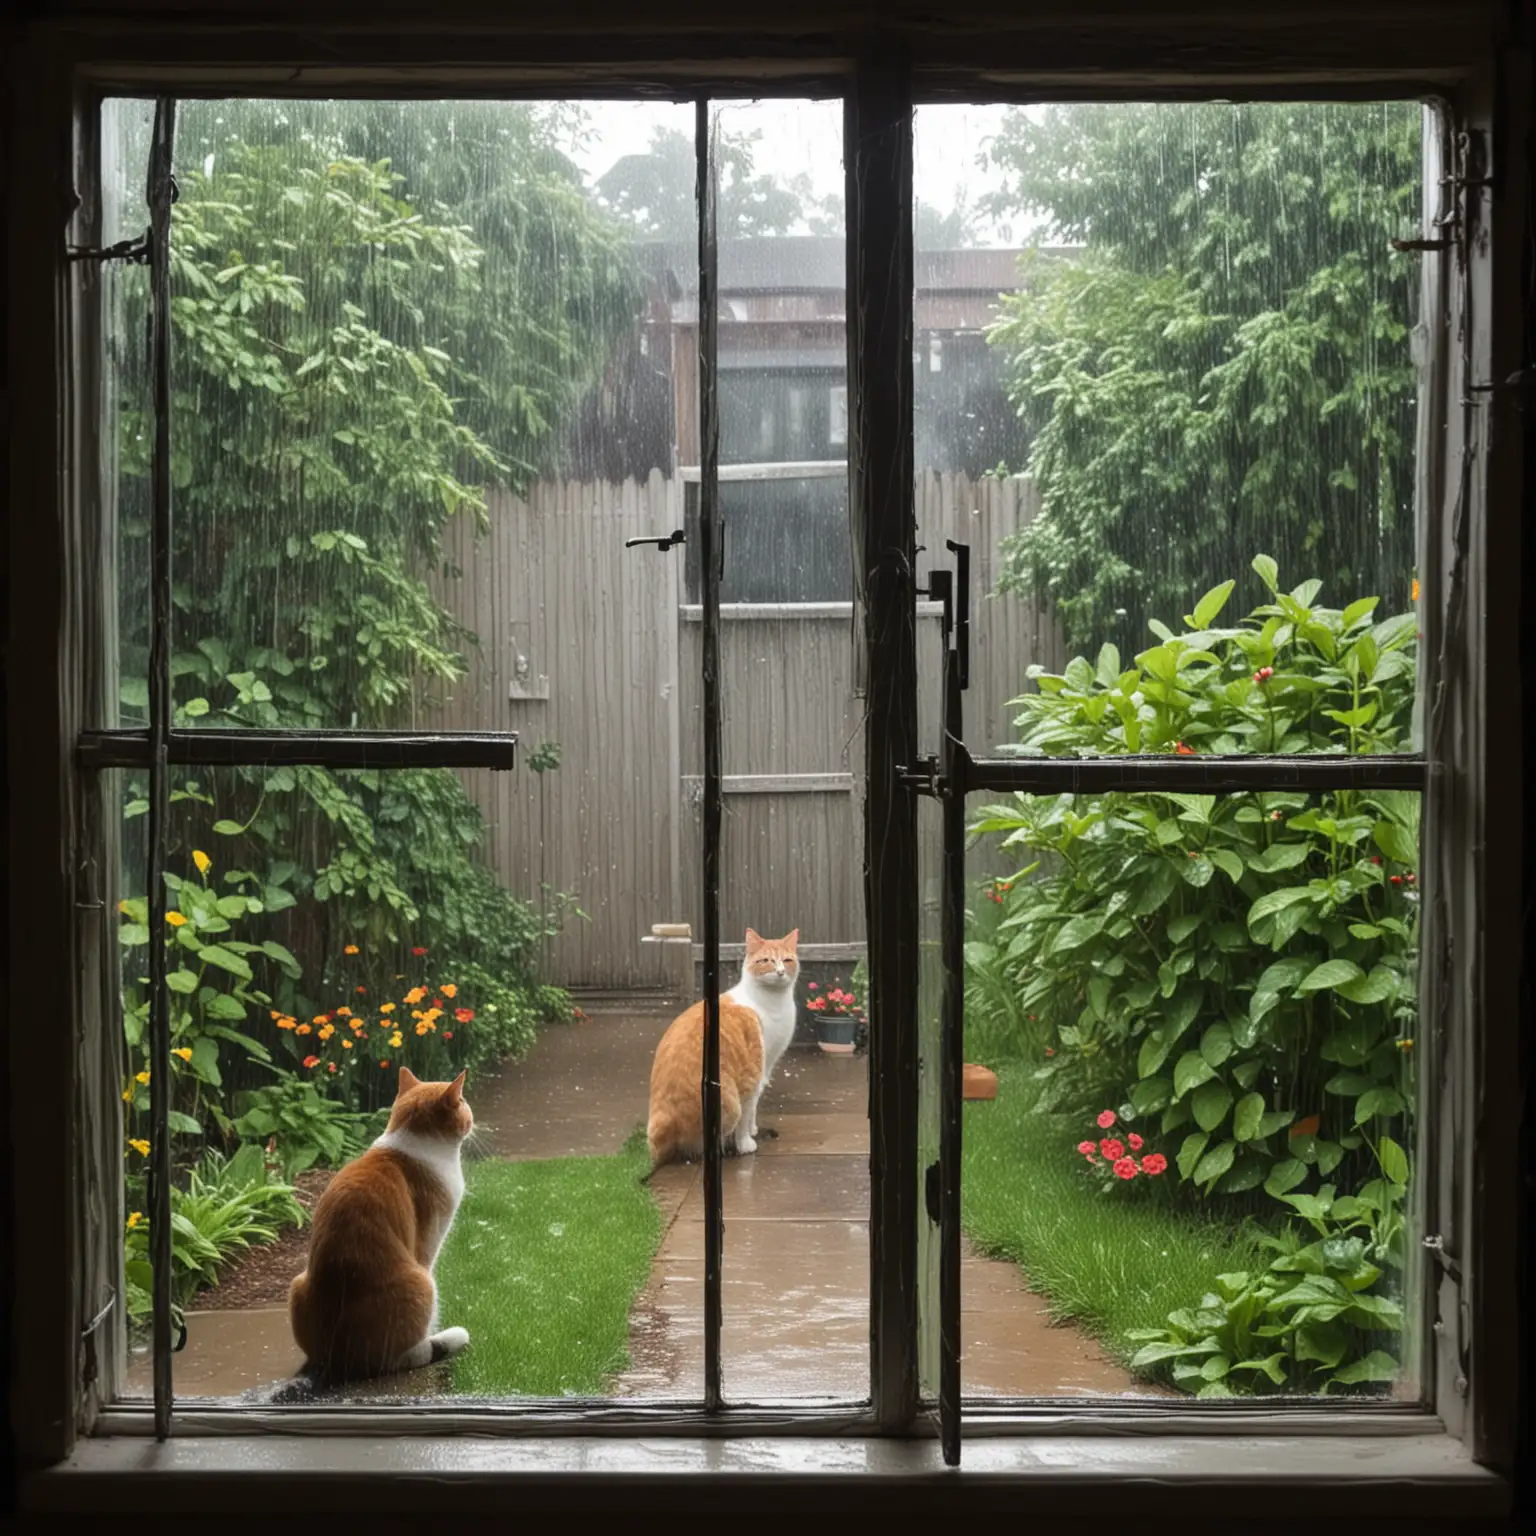 Blick durch ein Fenster zum
Hinterhof
es regnet
zwei katze suchen Schutz
Sonne scheint durch Regenwolken
Gartentor ist verschlossen
kein Ausweg
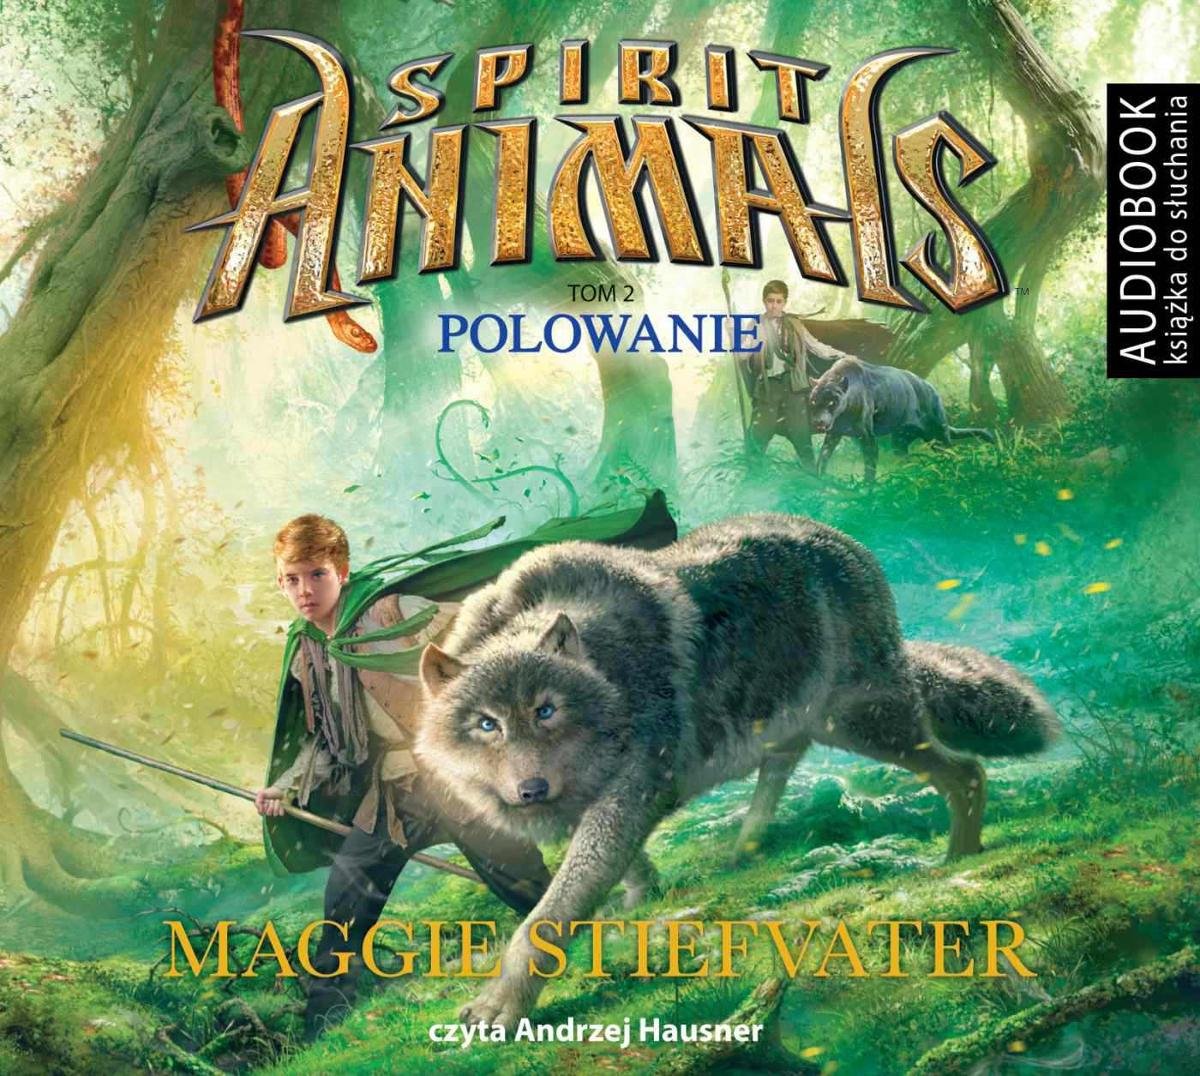 STIEFVATER MAGGIE – SPIRIT ANIMALS 2. POLOWANIE

----------------------------------------

The expected output is the run of lines from the one containing "kein Ausweg" to the last line of the listing above, both included, word for word and free of pictures.

kein Ausweg
 STIEFVATER MAGGIE – SPIRIT ANIMALS 2. POLOWANIE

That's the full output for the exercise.